X = df[features_to_use].copy()

label_encoders = {}
categorical_cols = X.select_dtypes(include=['object']).columns
X = pd.get_dummies(X, columns=categorical_cols, drop_first=True)

y = df['income'].copy()
y = (y == '>50K').astype(int)
print(f"# positive entries: {y.mean():.2%}, # negative entries: {(1 - y).mean():.2%}")
print(f"Final number of features (after one-hot encoding): {X.shape[1]}")

# positive entries: 24.08%, # negative entries: 75.92%
Final number of features (after one-hot encoding): 95

X_train, X_test, y_train, y_test = train_test_split(
    X, y, test_size=0.25, random_state=42, stratify=y
)
print(f"# train samples: {len(X_train):,}, # test samples: {len(X_test):,}")

# train samples: 22,621, # test samples: 7,541

single_tree = DecisionTreeClassifier(random_state=42)
single_tree.fit(X_train, y_train)

y_pred_single = single_tree.predict(X_test)
accuracy_single = accuracy_score(y_test, y_pred_single)
f1_single = f1_score(y_test, y_pred_single)

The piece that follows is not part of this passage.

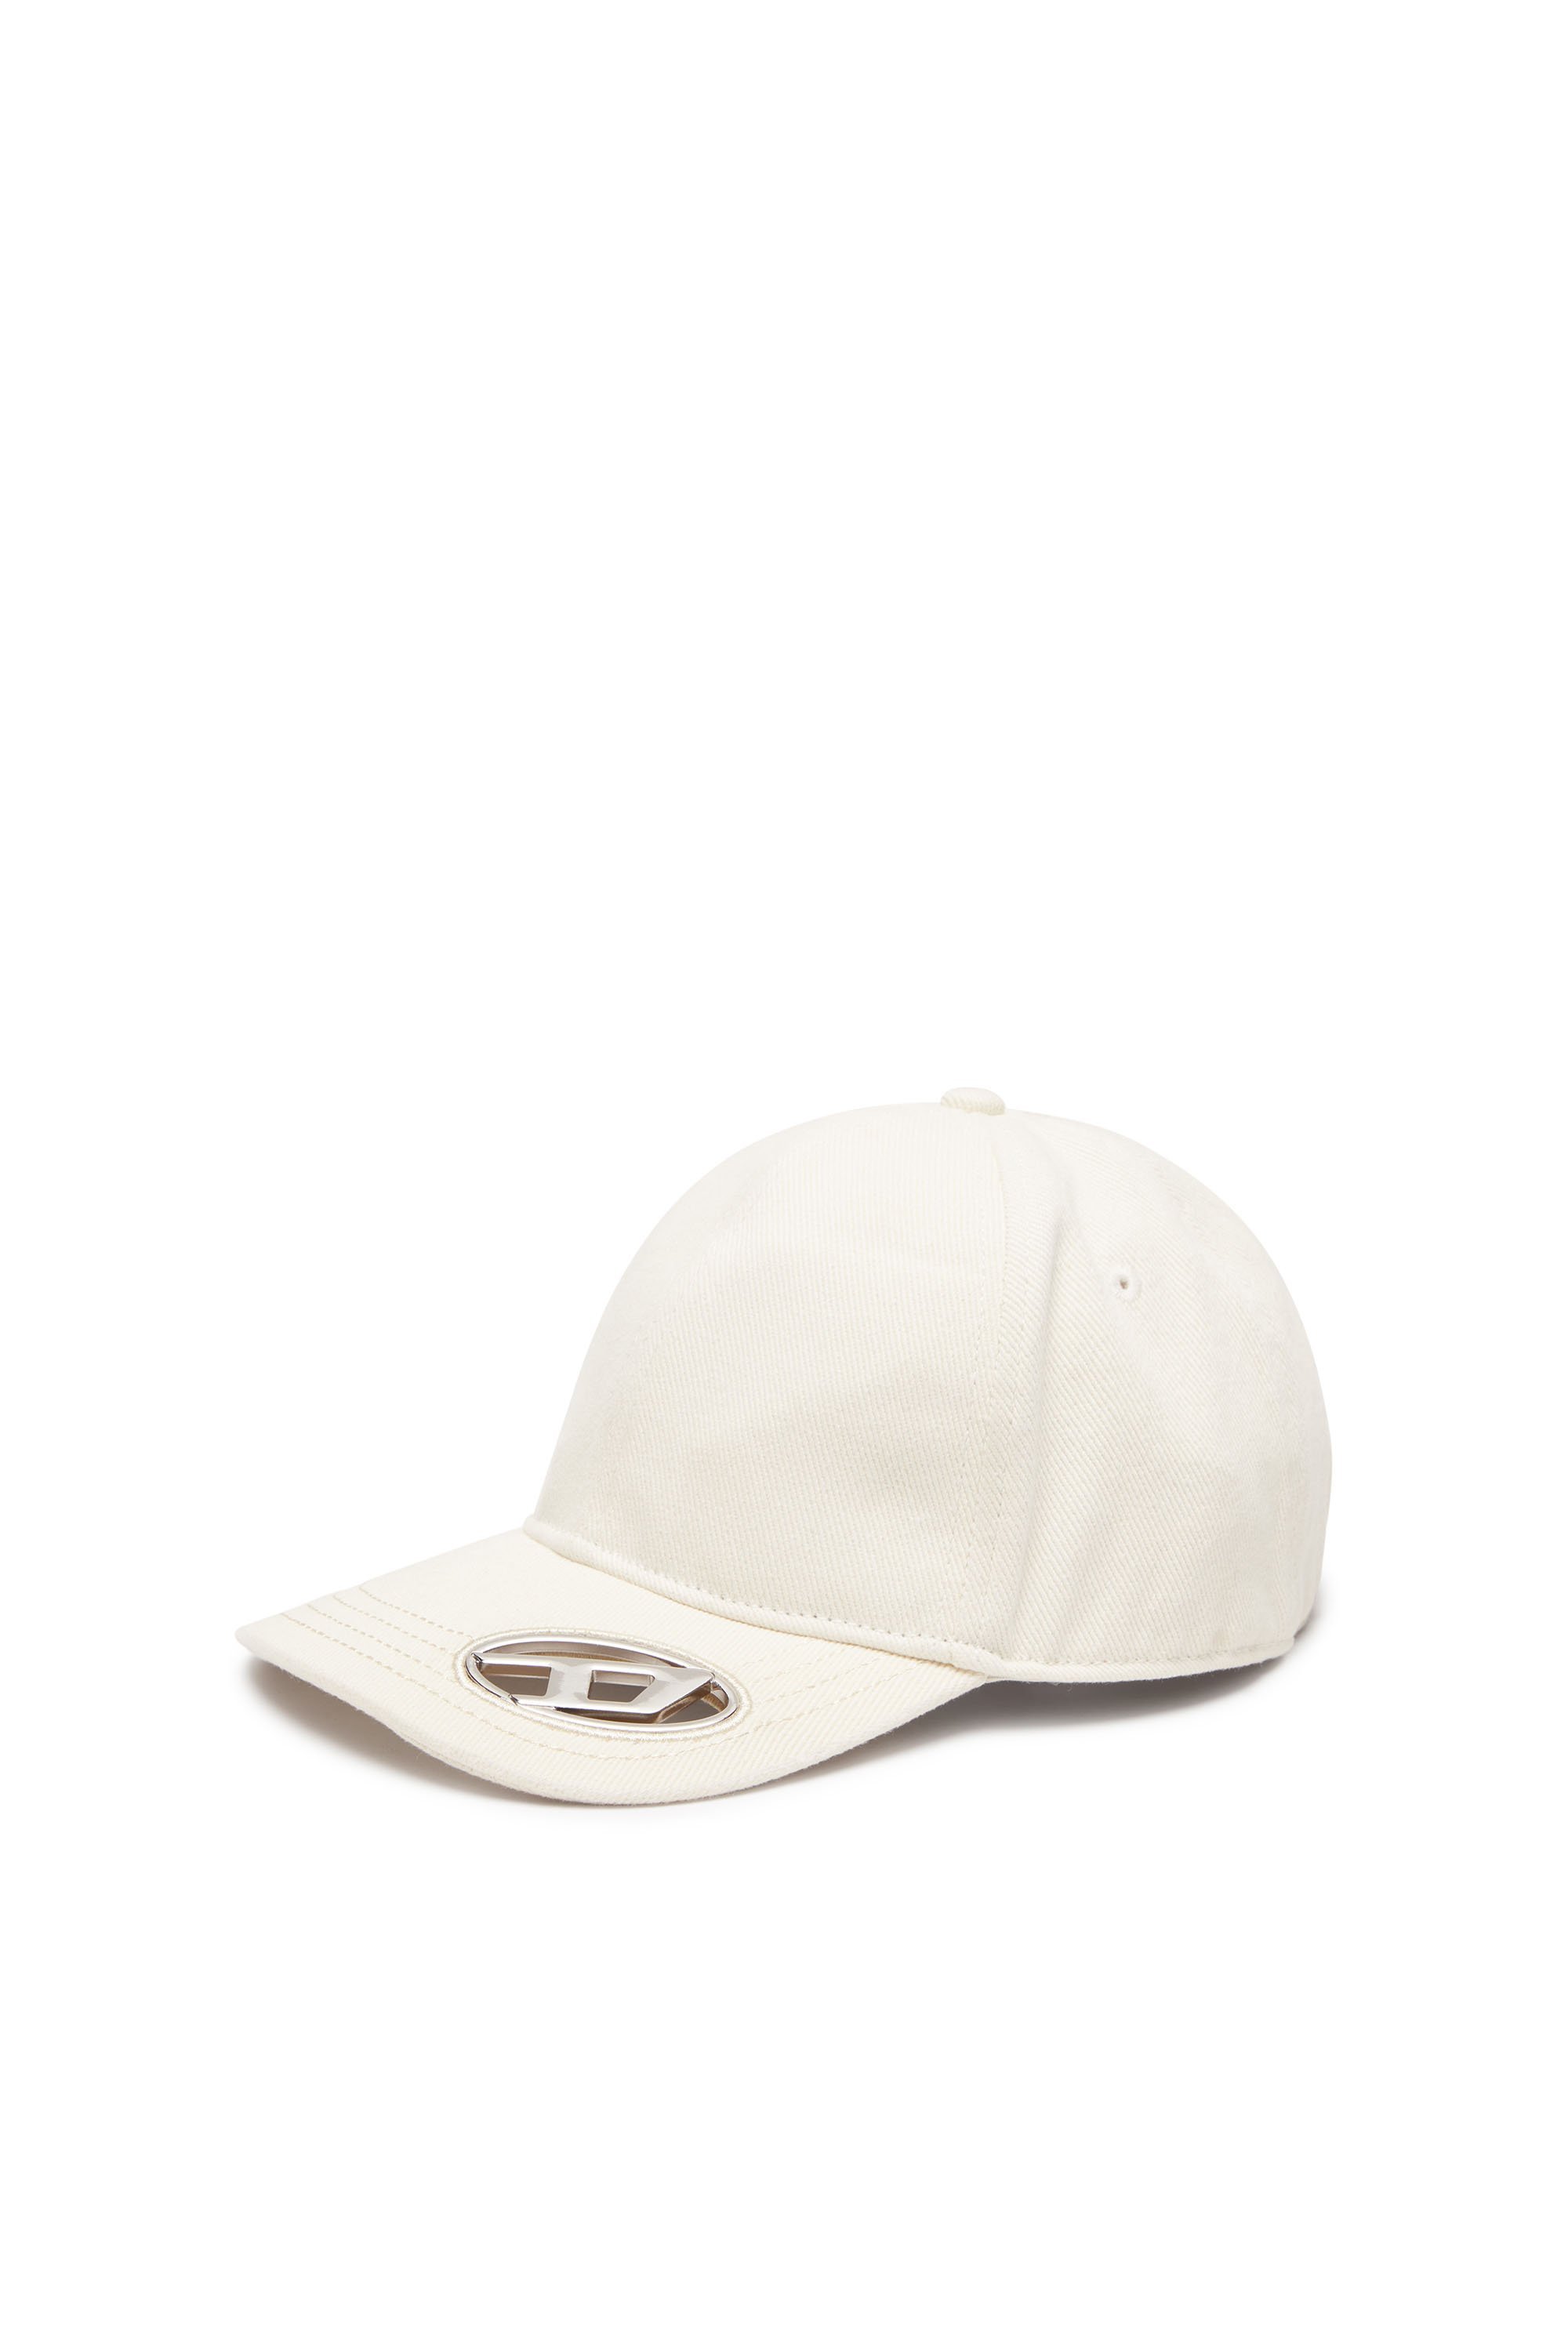 ディーゼル DIESEL メンズ キャップ ロゴ ディーゼル 帽子 キャップ ホワイト ブラック【送料無料】

print(f"Test accuracy: {accuracy_single:.4f} ({accuracy_single*100:.2f}%)")
print(f"F1 score: {f1_single:.4f}")

cv_scores_single = cross_val_score(single_tree, X, y, cv=5, scoring='accuracy')
print(f"Cross-validation accuracy: {cv_scores_single.mean():.4f} (+/- {cv_scores_single.std():.4f})")

Test accuracy: 0.8124 (81.24%)
F1 score: 0.6197
Cross-validation accuracy: 0.8184 (+/- 0.0029)

bagging_clf = BaggingClassifier(
    estimator=DecisionTreeClassifier(),
    n_estimators=20,
    max_samples=0.5,
    max_features=1.0,
    bootstrap=True,
    bootstrap_features=True,
    random_state=42,
    n_jobs=-1,
)

bagging_clf.fit(X_train, y_train)

y_pred_bagging = bagging_clf.predict(X_test)
accuracy_bagging = accuracy_score(y_test, y_pred_bagging)
f1_bagging = f1_score(y_test, y_pred_bagging)

print(f"Test accuracy: {accuracy_bagging:.4f} ({accuracy_bagging*100:.2f}%)")
print(f"F1 score: {f1_bagging:.4f}")

cv_scores_bagging = cross_val_score(bagging_clf, X, y, cv=5, scoring='accuracy')
print(f"Cross-validation accuracy: {cv_scores_bagging.mean():.4f} (+/- {cv_scores_bagging.std():.4f})")

Test accuracy: 0.8540 (85.40%)
F1 score: 0.6730
Cross-validation accuracy: 0.8594 (+/- 0.0044)

The result is about 4 percentage point increase in accuracy, both in the test dataset and for the cross-validation, showing the effectiveness of bagging.